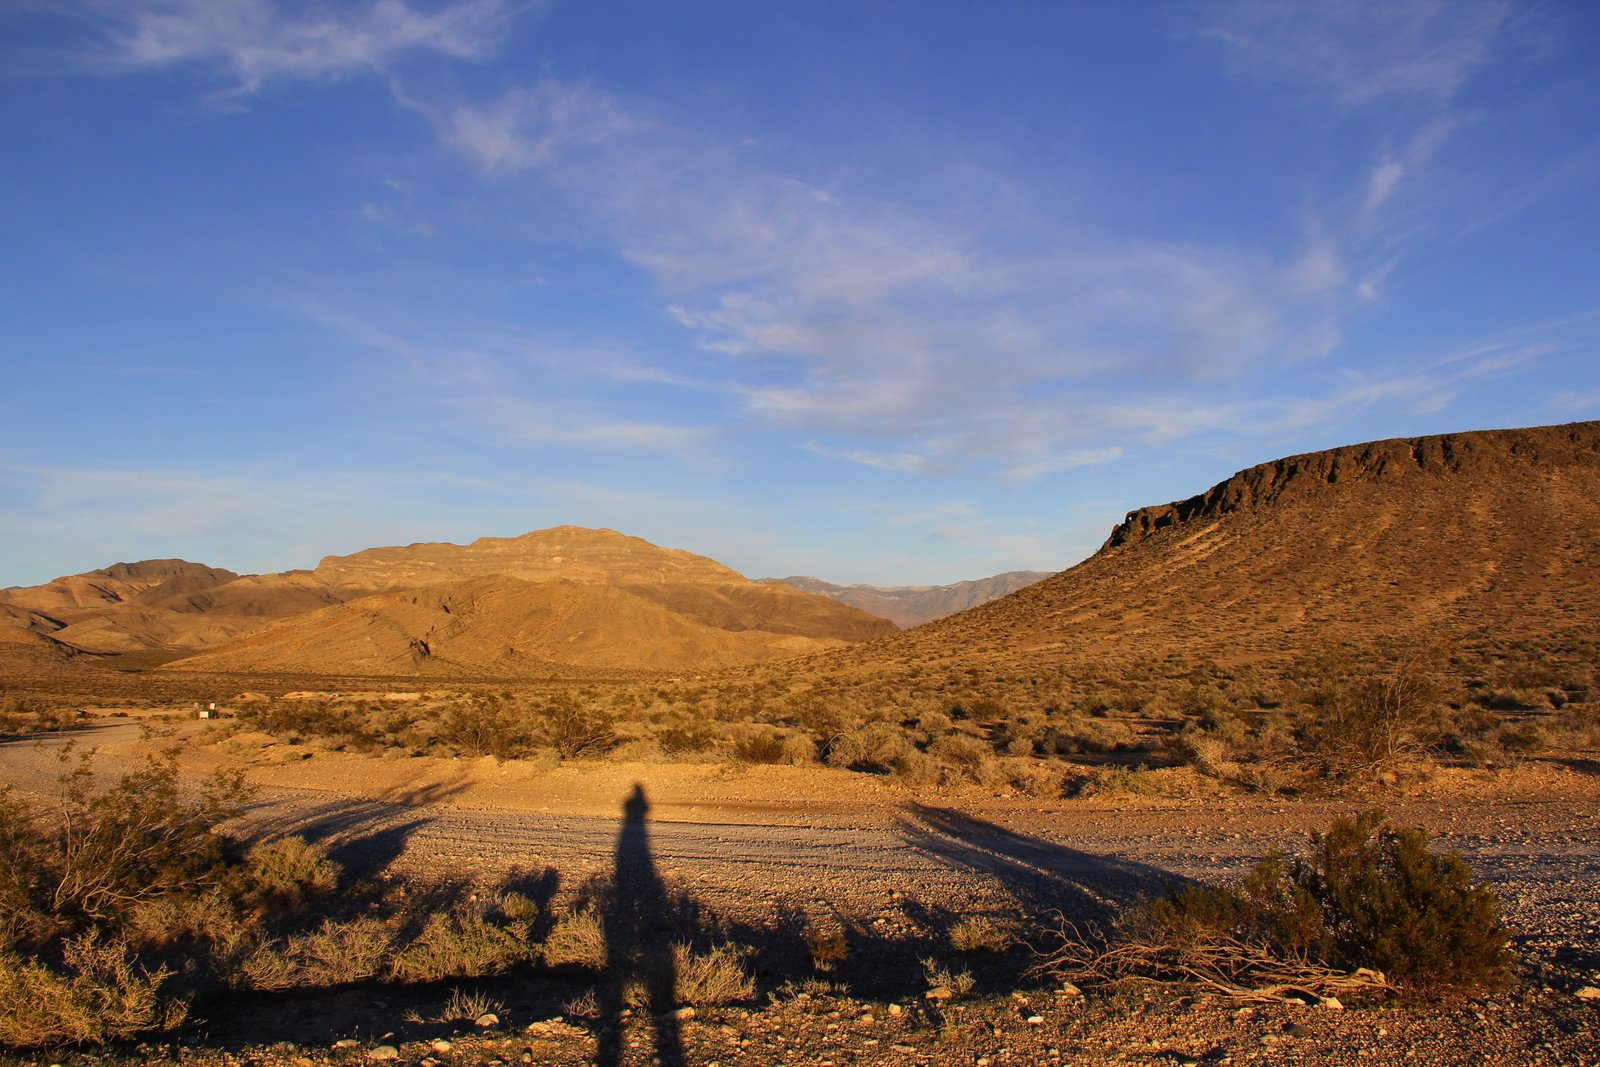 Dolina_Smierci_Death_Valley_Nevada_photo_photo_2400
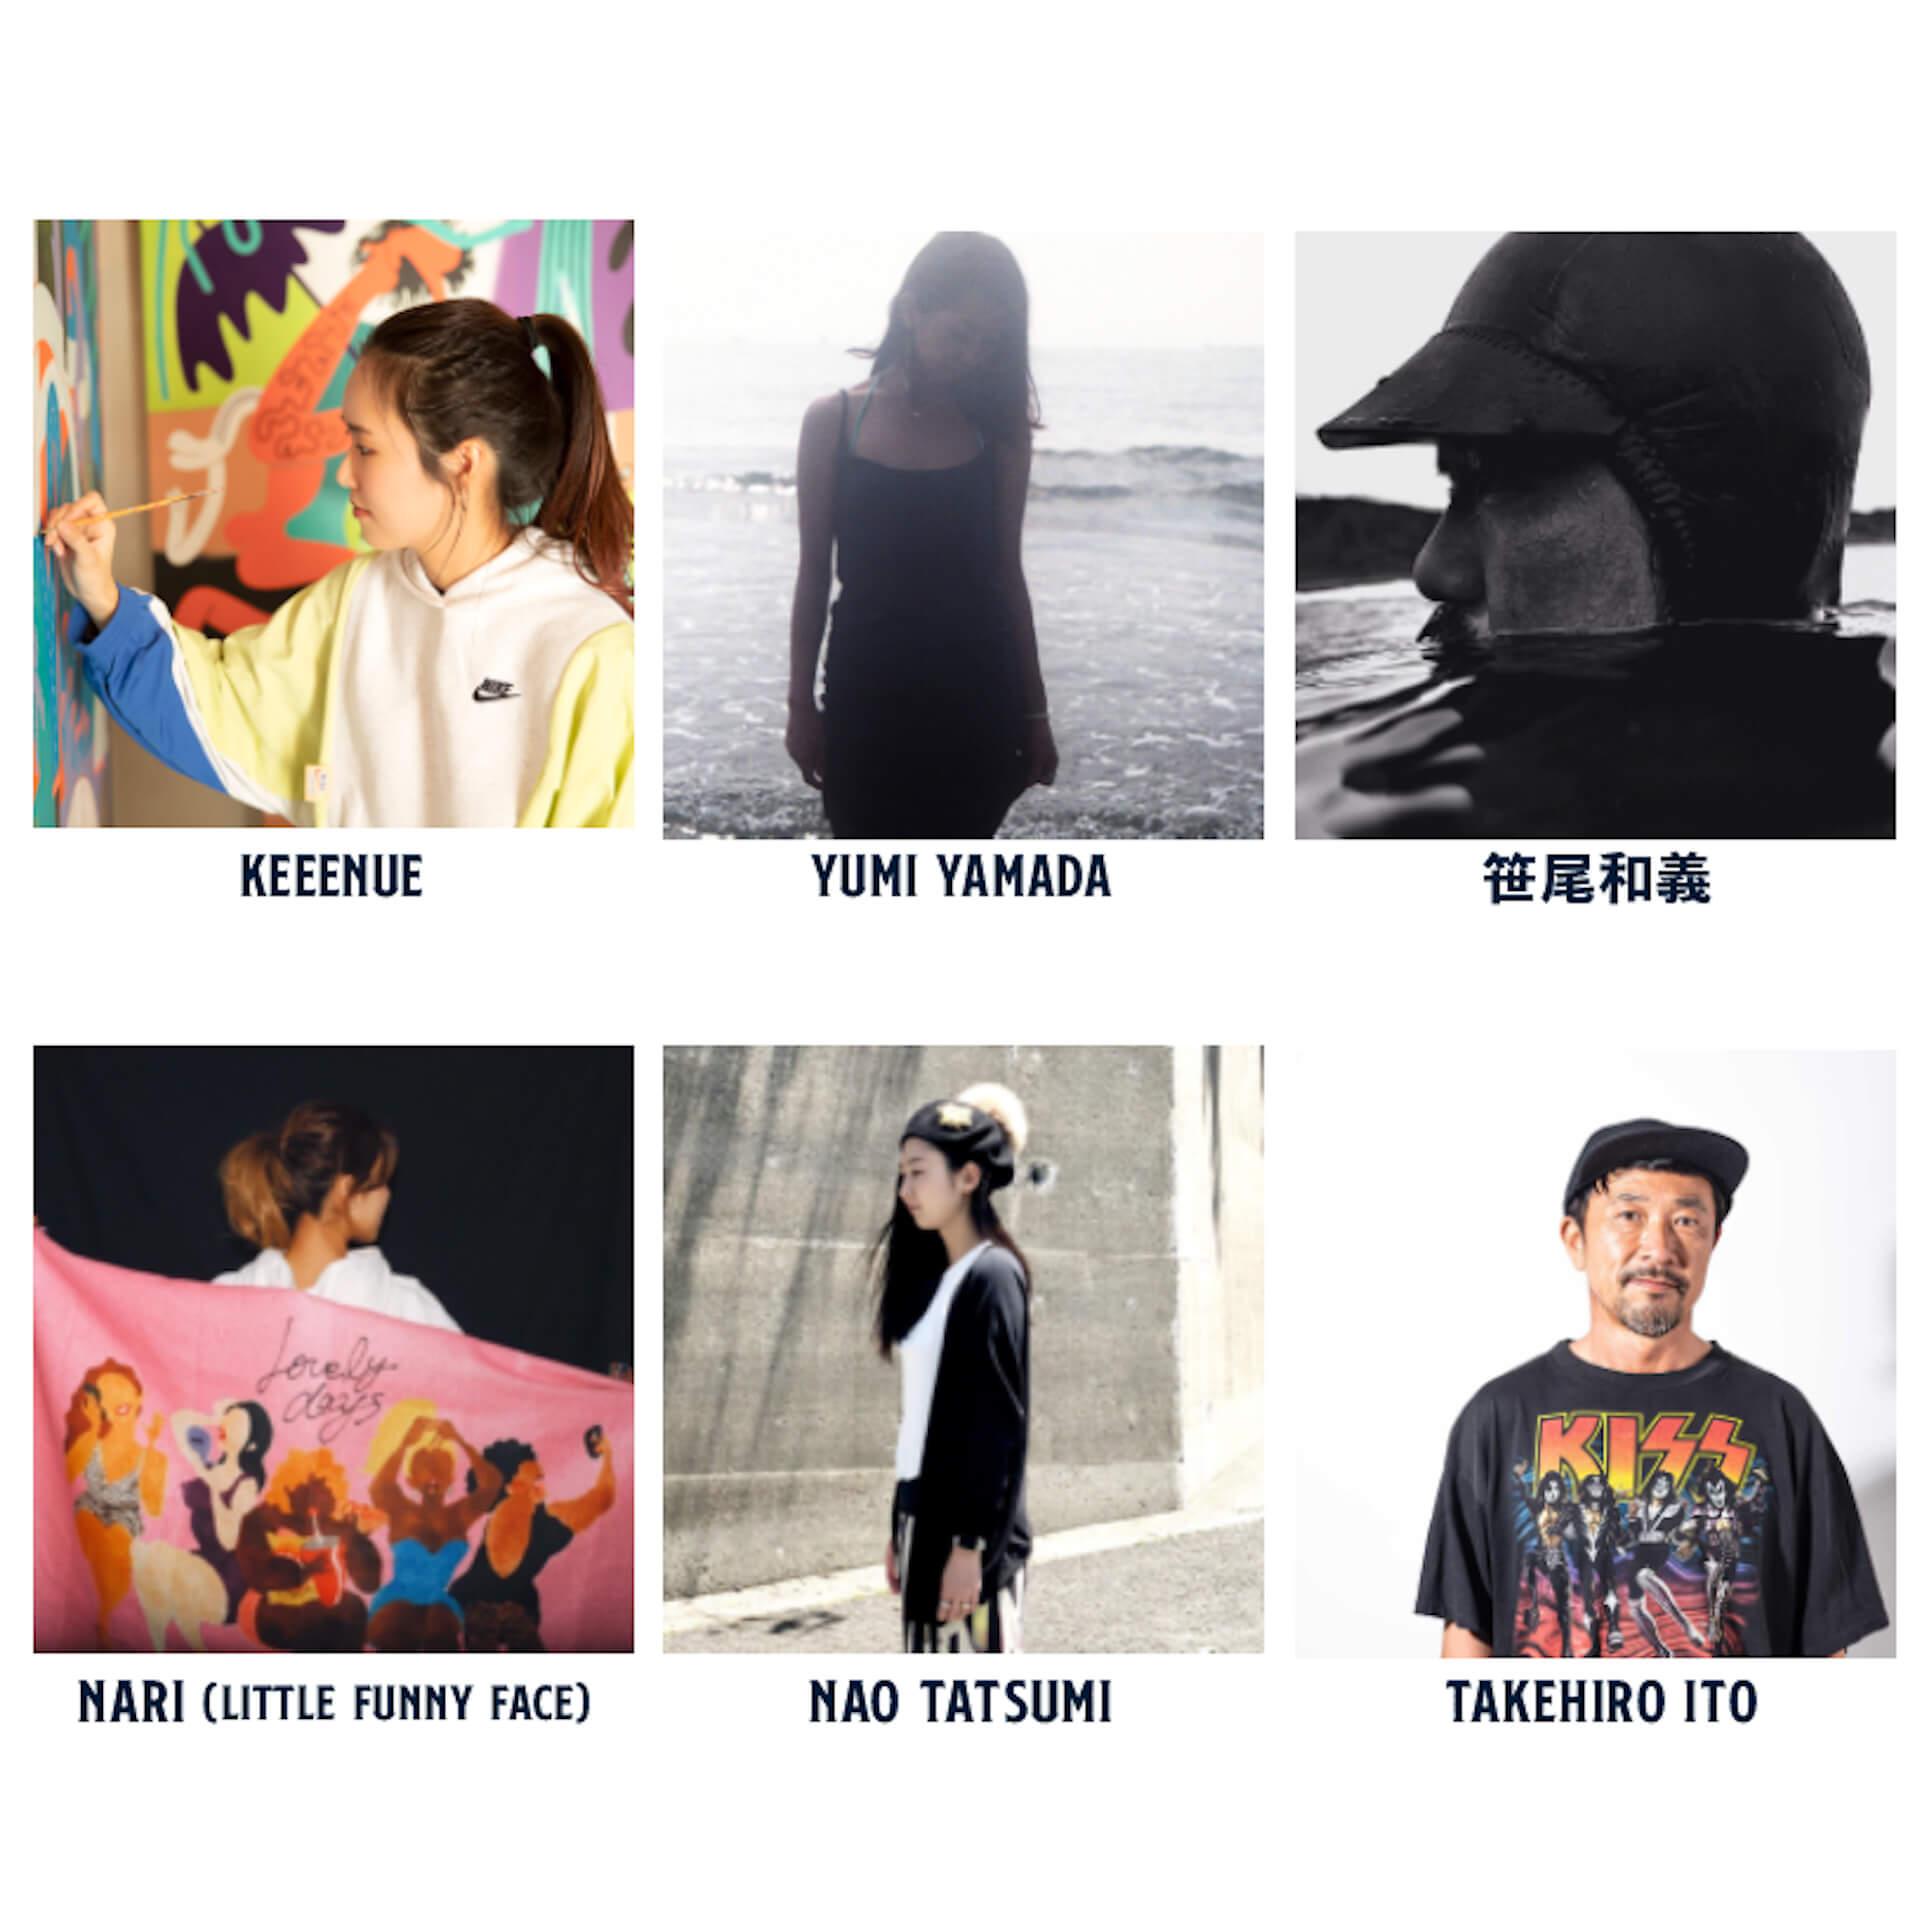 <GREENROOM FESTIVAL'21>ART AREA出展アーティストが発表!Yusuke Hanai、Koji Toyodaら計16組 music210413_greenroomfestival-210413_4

...

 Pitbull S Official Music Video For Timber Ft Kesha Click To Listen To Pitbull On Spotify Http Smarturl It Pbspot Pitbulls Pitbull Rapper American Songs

* [Task]
Going by the data above, the answer is exactly the lines from the one holding "Dolina_Smierci_Death_Valley_Nevada_photo_photo_2400" to the one holding "<GREENROOM FESTIVAL'21>ART AREA出展アーティストが発表!Yusuke", both kept, with the pictures left out.

* [Reply to the task]
 Dolina_Smierci_Death_Valley_Nevada_photo_photo_2400
 <GREENROOM FESTIVAL'21>ART AREA出展アーティストが発表!Yusuke Hanai、Koji Toyodaら計16組 music210413_greenroomfestival-210413_4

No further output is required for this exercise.